Remigius war gallo-romanischer Herkunft und wurde 458 Bischof von Reims. Nachdem er den Frankenkönig Chlodwig getauft hatte, begann Remigius mit der Glaubensverkündung unter den Franken. Er gründete mehrere Bistümer in Frankreich und wird auch als "Apostel der Franken" bezeichnet. Sein Todestag war der 13. Jänner 533. Die dem hl. Remigius geweihte Pfarrkirche von Eyrs im Vinschgau erinnert an die frühmittelalterliche Zeit, in welcher das Frankenreich auch in unserem Land Besitzungen hatte, die häufig unter den Schutz fränkischer Kirchenpatrone gestellt wurden.

Emanuel war ab 1290 Bischof von Cremona, wurde aber 1295 vertrieben und begab sich nach Adwerth in Friesland, wo er 1298 starb. An seinem Grab sollen sich einige Wunder ereignet haben.

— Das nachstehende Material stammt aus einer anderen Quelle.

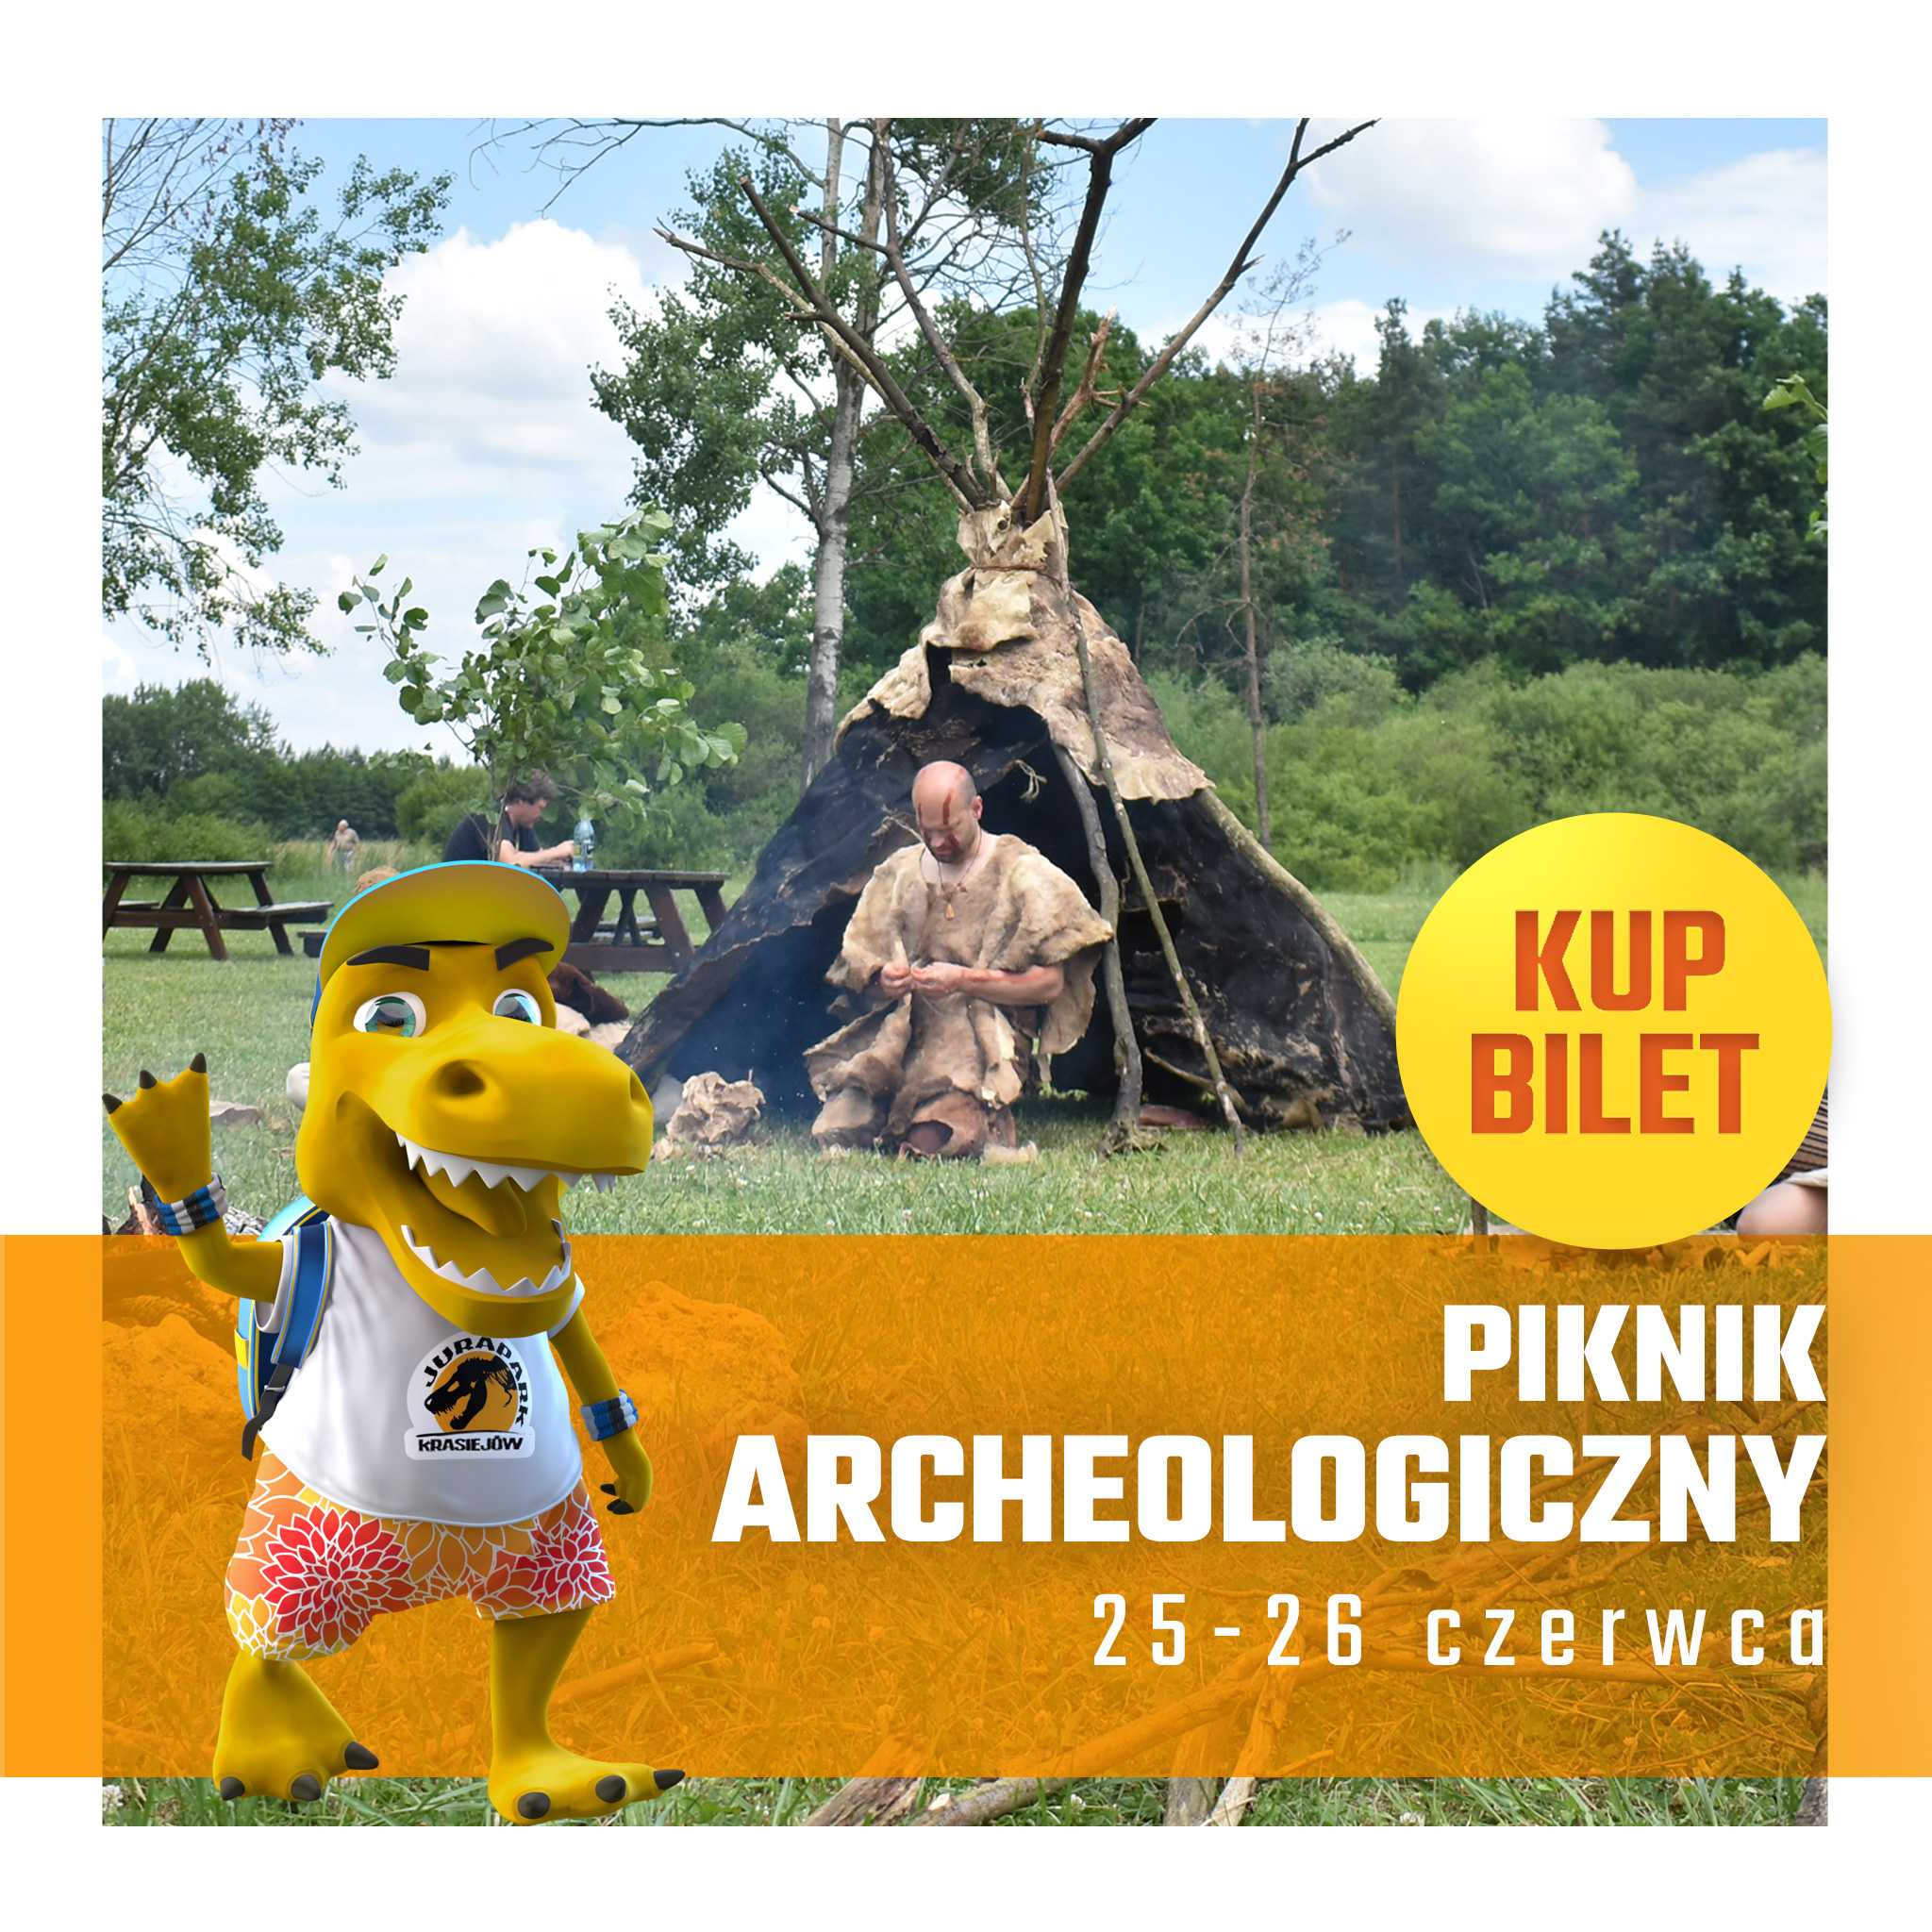 Drugi Piknik Archeologiczny w Juraparku w Krasiejowie już w weekend
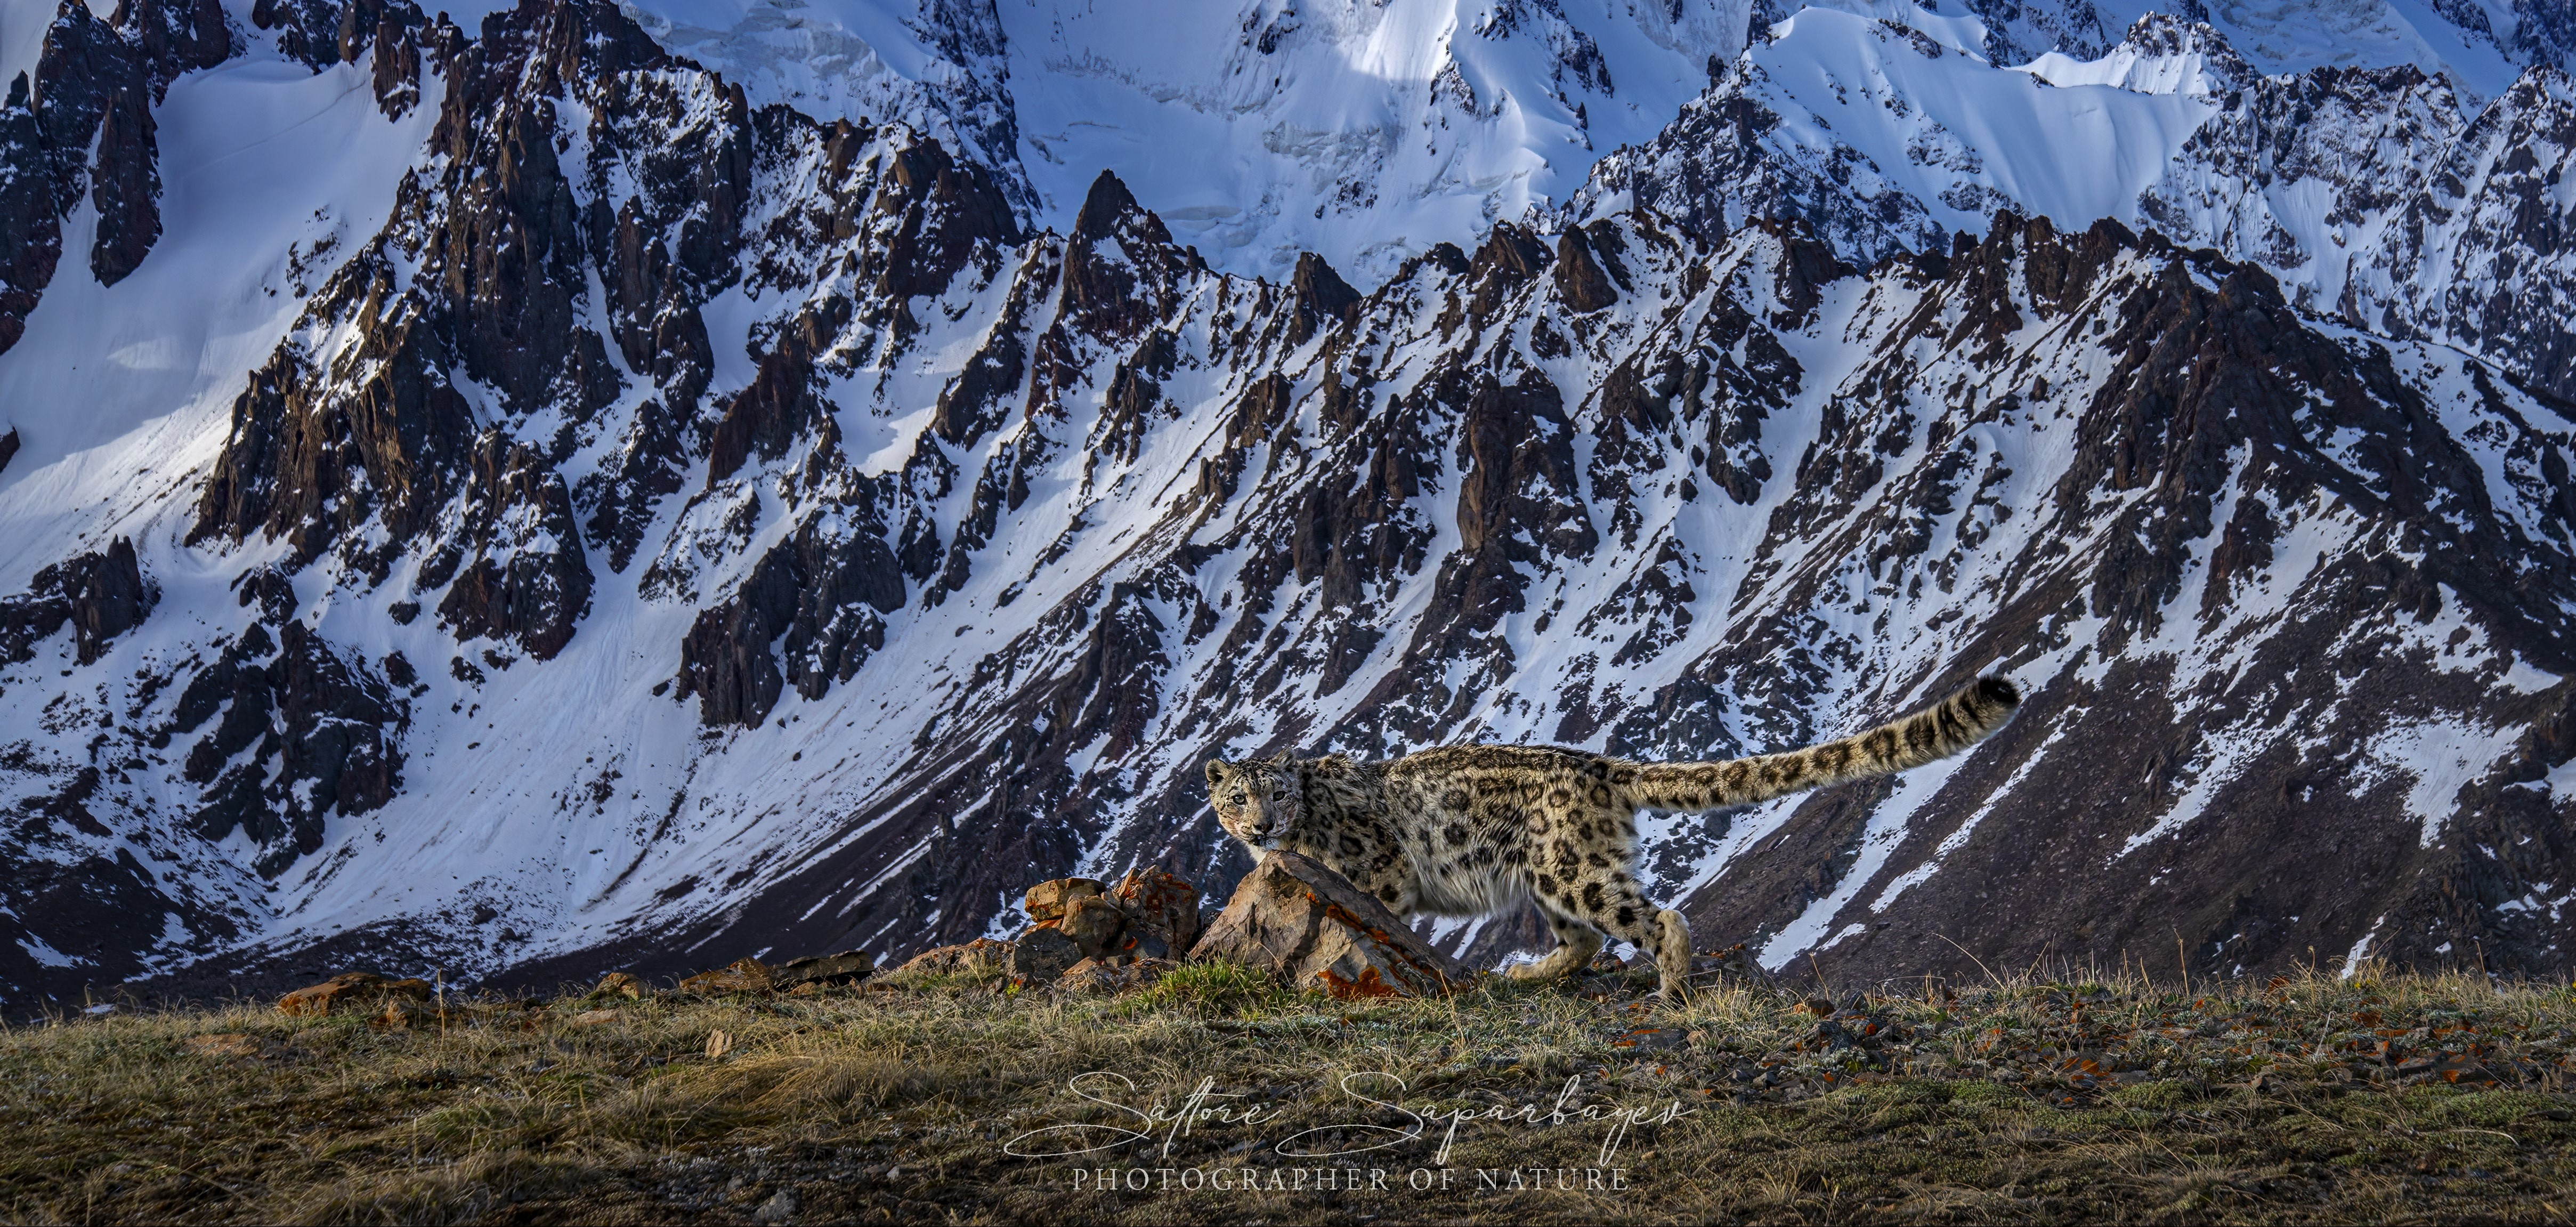 Leopardo de las nieves, norte de Tien Shan, Kazajstán © Saltore Saparbayev

Bavo, auch Allowin genannt, war zunächst ein Soldat, der er ein lasterhaftes Leben führte. Erst der Tod seiner Frau und die Tugend seiner Tochter brachten ihn zur Besinnung. Er vertraute sich Bischof Amandus an, verkaufte sein Hab und Gut, und schenkte den Erlös den Armen. Fortan lebte er als Einsiedler in einem hohlen Baum in der Nähe von Maastricht und tat mit einem Stein als Kopfkissen Buße. Bavo trat später ins Kloster Blandinenberg in Gent ein. Dort starb er im Jahr 654. Bavo ist der Patron der Falkner und gegen Keuchhusten.

Werner war Prämonstratenser in Wilten bei Innsbruck und wurde 1300 zum Abt gewählt. Er wirkte durch seinen starken apostolischen und karitativen Einsatz beispielgebend für seine Mitbrüder. Schon zu Lebzeiten wurde er als heiligmäßiger Mann verehrt. Werner starb am 1. Oktober 1332.